In practice so far, that doesn't seem to be a huge concern. Plenty of canon examples abound, from all the shit Voyager integrated in to the Defiant getting a Romulan cloaking device,
I wouldn't count one-off exceptions because it's too easy to make any kludged-together machine work if you're willing to give it extensive, constant maintenance and treat it like a unique special snowflake. It's when you need a dozen of them and you need them serviceable that things get tougher.

...but more importantly TBG itself has several examples. Amarkians are starting to build Centaur-As in their own berths apparently without issue. A berth supposedly optimized for Starfleet vessels handled repairs for a Caitain Fathership. Hell, a Gaeni berth handled repairs for an Excelsior.
The Gaeni and the Amarki could get all the parts they needed directly from us, because we mass-produce them. If we try to take an Apiata design and put it into serial production on a scale larger than the Apiata themselves do, it's more of a problem.

Member worlds building our ships is inevitably going to be easier than us building theirs, because we build more ships than several member worlds combined..
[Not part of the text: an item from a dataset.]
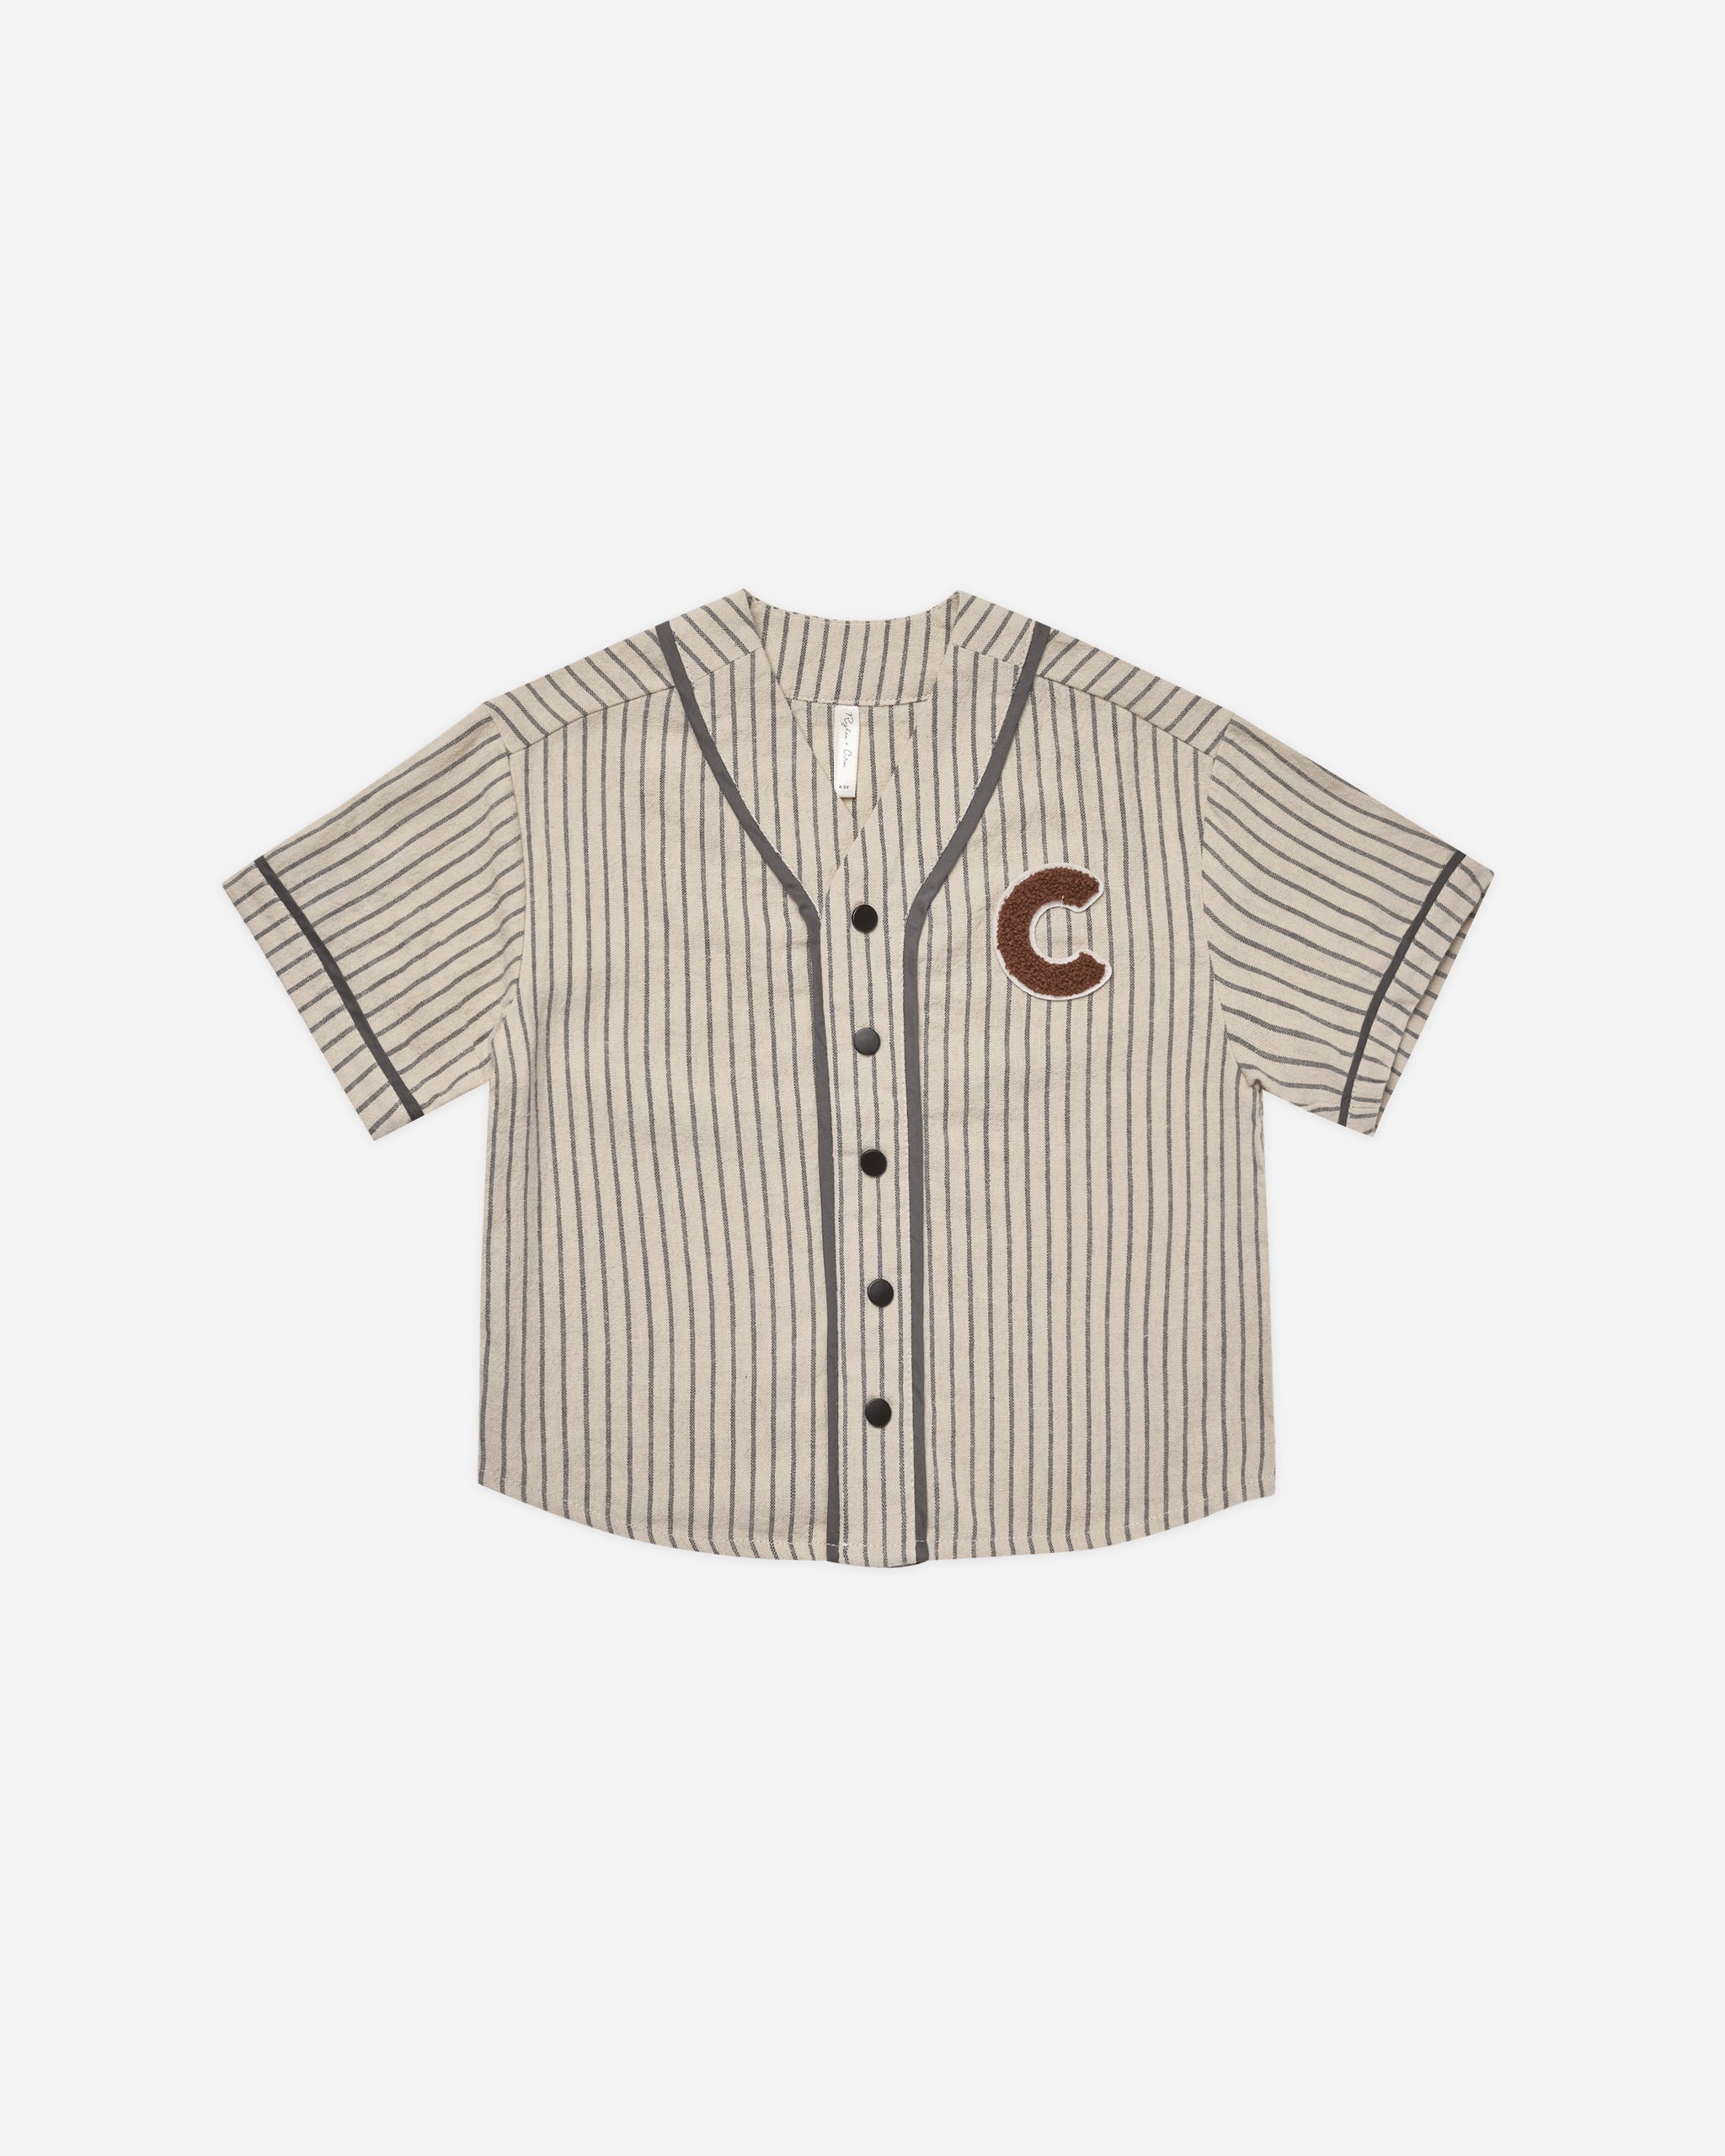 Kids' Button Down Baseball Jersey - Shirts & Top
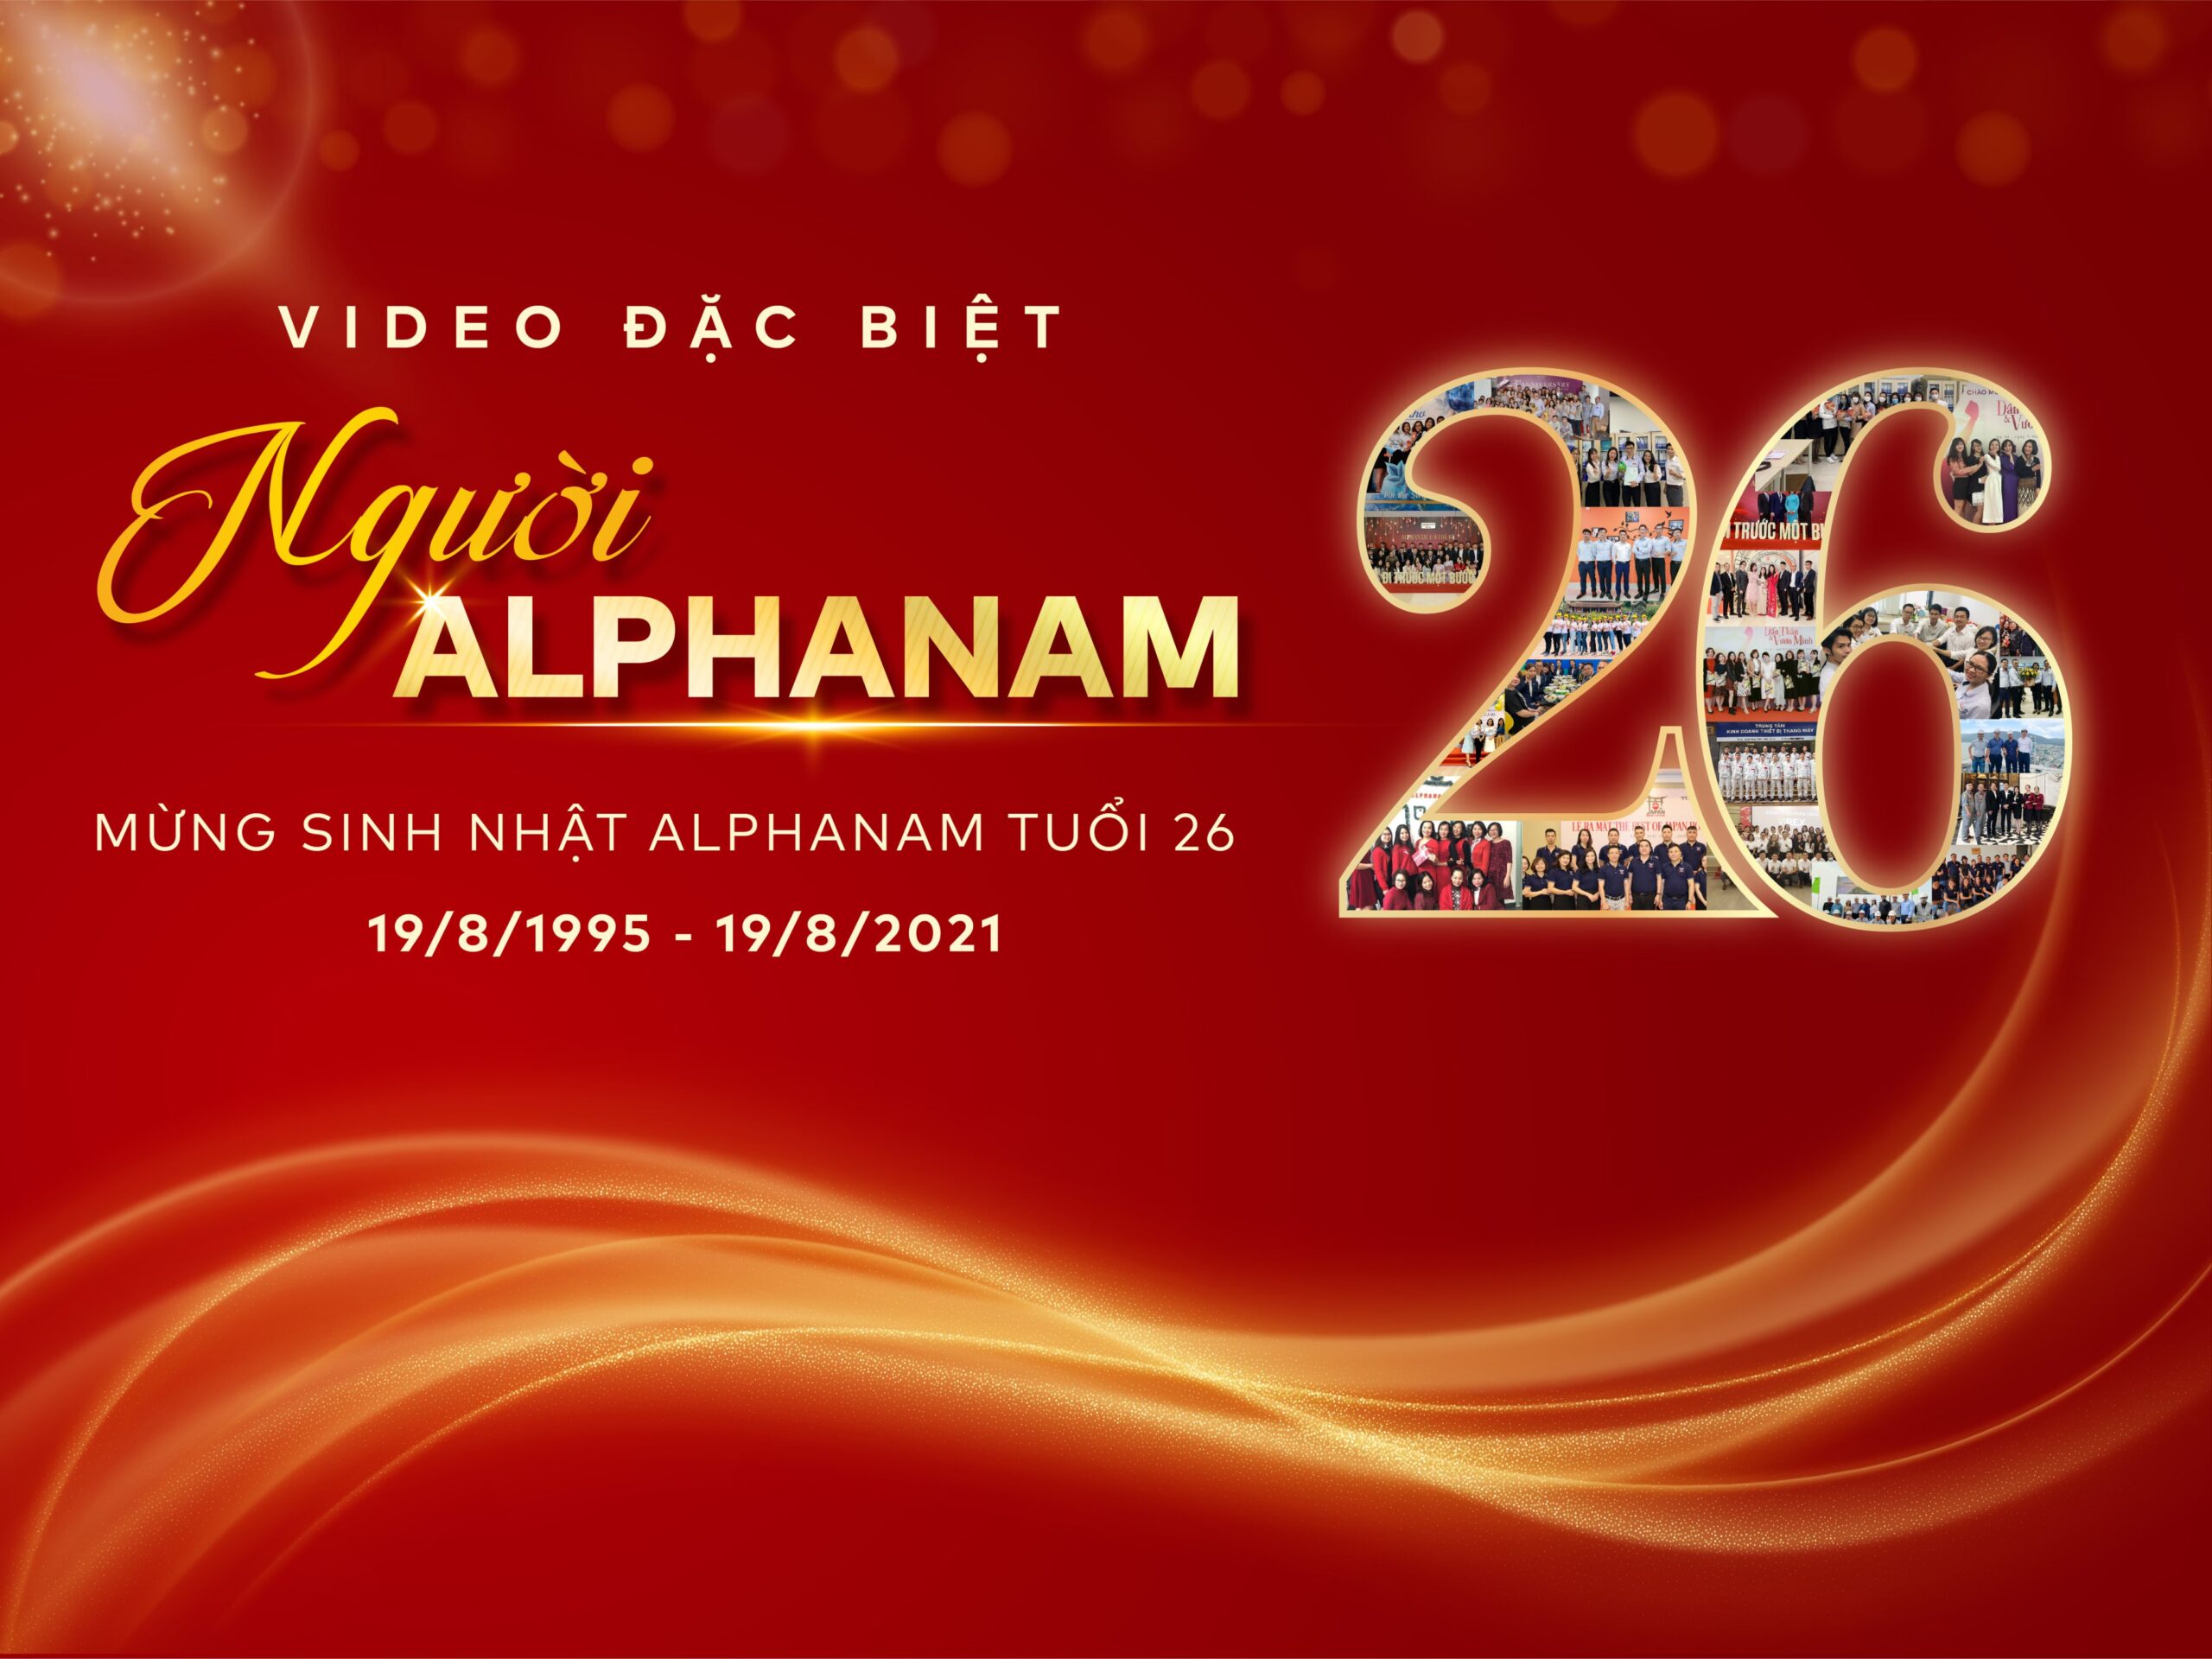 Read more about the article “NGƯỜI ALPHANAM” – VIDEO MỪNG SINH NHẬT ALPHANAM TUỔI 26

Technology and parts and logistics seem to be fairly interchangeable, at least among most of the Federation ship designs. There might be a couple exceptions, like it is conceivable that Apiata ship designs are less compatible and would require some delay to refit our berths and negotiate supply lines to handle them, but I'd find that unlikely or otherwise not important enough to model at the game level.

The Apiata most likely aren't switching to our ships not because of logistical issues but rather because their ships are superior for their purposes. Or rather, any logistical issues play second fiddle - and an apparently small fiddle at that - to concerns about ship capabilities.
The catch is that our purposes aren't their purposes. Which is why I explicitly mentioned this- that Apiata ships are designed to requirements that don't match ours. Their ships may not be able to do things that we require our ships to be able to do (like cross the entire Federation at a reasonable cruising speed of one sector per week without having to stop for an engine overhaul).
 
A Kaldar class heavy cruiser has combat stats broadly comparable to a Conniebee or Rennie. Even assuming that it'll be tricky to train a Starfleet crew to operate it, and to fit it with a compatible warp core, I suspect that doing so will be cheaper and less time consuming than any other way of adding 5 Combat to the fleet we send against the Cardassians.

And that's just combat stats. Q only knows how much its presence on the battlefield would hurt the enemy morale.